Property	Type	Required	Description
`sourceName`	String	Yes	Column name in the source system.
`targetName`	String	Yes	Target column name in Snowflake.

ExtractionStrategy

Field	Type	Required	Description
`strategy`	`"regular"` or `"unload"`	Yes	Extraction method. `"regular"` is the default; `"unload"` is available for Redshift sources.
`externalStage`	String	UNLOAD only	Fully-qualified Snowflake external stage name (e.g., `"MY_DB.MY_SCHEMA.S3_STAGE"`).

regular (default) -- Data is queried and downloaded through the Worker:

"extraction": { "strategy": "regular" }

unload (Redshift only) -- Data is written to S3 via Redshift UNLOAD and loaded from an external stage:

"extraction": { "strategy": "unload", "externalStage": "MY_DB.MY_SCHEMA.S3_EXTERNAL_STAGE" }

PartitionSize

Controls how large each partition should be during extraction. Accepts a string or an object.

Form	Description
`"auto"` (default)	The system picks optimal partition sizes based on the source platform, extraction strategy, and table size.
`{ "targetSizeMb": N }`	Each partition targets approximately `N` megabytes of data.
`{ "maxRowsPerPartition": N }`	Each partition contains at most `N` rows, regardless of data size.

Only one of targetSizeMb or maxRowsPerPartition may be specified when using the object form.

auto (default) -- The system selects partition sizes tuned for the platform and extraction strategy:

"partitionSize": "auto"

Auto mode uses larger partitions for Redshift UNLOAD (where S3 handles large files well) and smaller partitions for ODBC-based extraction (SQL Server, PostgreSQL, Redshift REGULAR) where data flows through the Worker's memory. For very large tables (100+ GB), the maximum number of partitions is increased to allow more parallelism.

Fixed size in MB -- Specify a target size per partition:

"partitionSize": { "targetSizeMb": 2048 }

Fixed row count -- Specify a maximum number of rows per partition:

"partitionSize": { "maxRowsPerPartition": 500000 }

SynchronizationStrategy

Controls whether subsequent workflow runs perform a full re-extraction or only sync changed data.

Field	Type	Required	Description
`strategy`	`"none"`, `"checksum"`, or `"watermark"`	Yes	The synchronization method.
`watermarkColumn`	String	Watermark only	Column name to track (must be monotonically increasing).
`trackModifications`	Boolean	No	If `true`, uses the primary key to deduplicate modified rows. Requires `primaryKeyColumns` in TableConfiguration.

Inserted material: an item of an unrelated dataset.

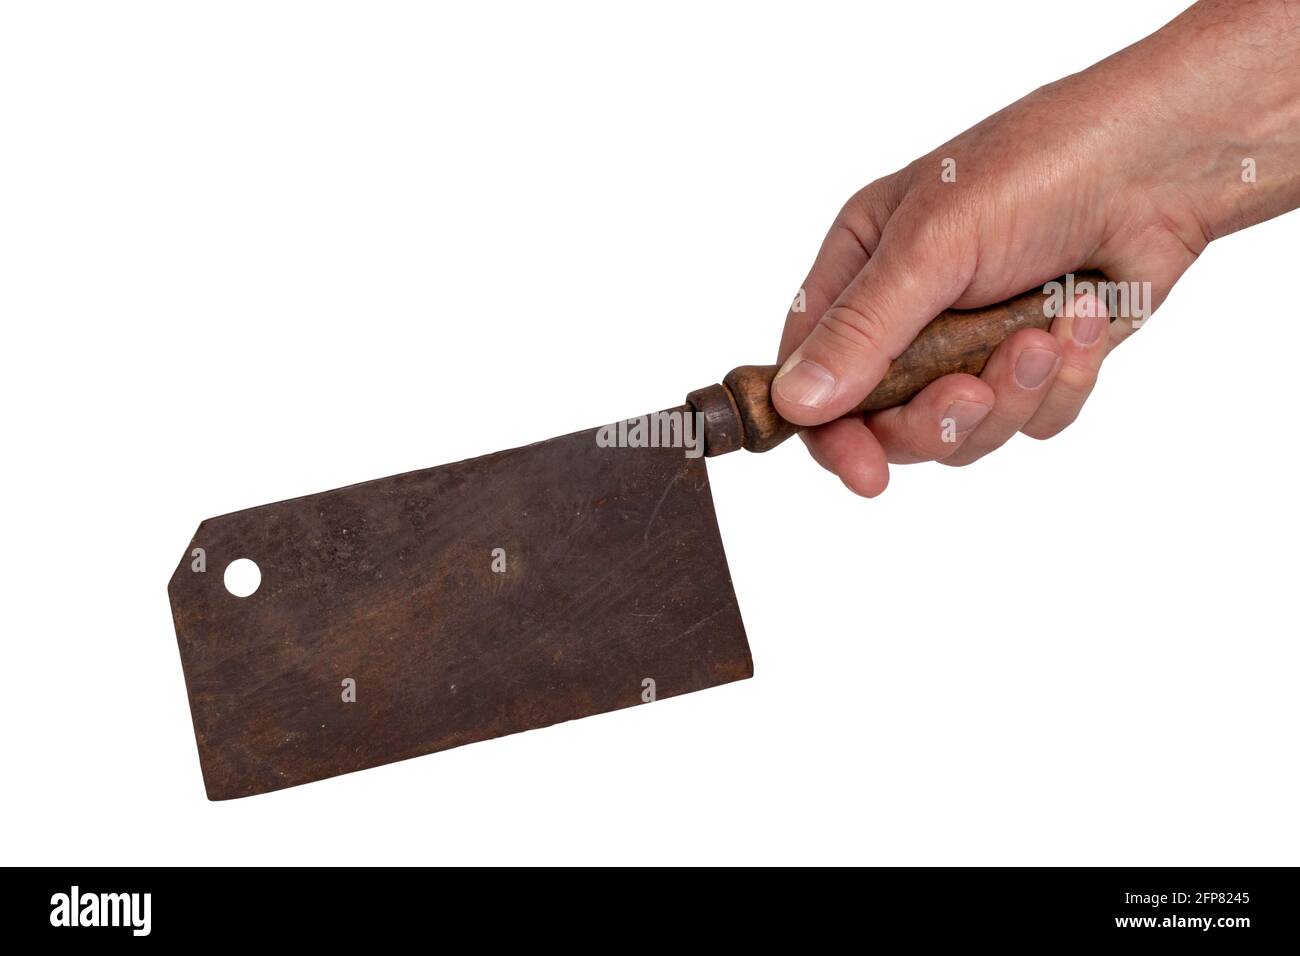 https://c8.alamy.com/comp/2FP8245/hand-holding-a-rusty-old-butcher-cleaver-with-wooden-handle-isolated-on-a-white-background-vintage-butcher-or-kitchen-knife-with-clipping-path-2FP8245.jpg

none (default) -- Full extraction on every run. No synchronization metadata is stored.

"synchronization": { "strategy": "none" }

Use when: Data is small, changes are unpredictable, or guaranteed consistency is needed.

checksum -- Computes a hash of all column values per partition. Only changed partitions are cleared and re-extracted.

"synchronization": { "strategy": "checksum" }

Use when: You need to detect any change but lack a reliable monotonic column (e.g., dimension tables).
Trade-offs: Requires a checksum computation on the source for every partition on every run.

watermark -- Tracks a monotonic column (timestamp, ID, version) to sync only rows newer than the last observed maximum.

"synchronization": { "strategy": "watermark", "watermarkColumn": "UPDATED_AT" }

Use when: Your table has a reliable monotonic column that increases on insert/update (e.g., fact tables, event logs).
Limitation: Watermark alone cannot currently track deletions. Support for this will be added in the future.

Quoting Identifiers

Names that need quoting (or brackets) must be manually quoted as they would normally be in JSON. For example: "tableName": "\"MyCaseSensitiveTable\"".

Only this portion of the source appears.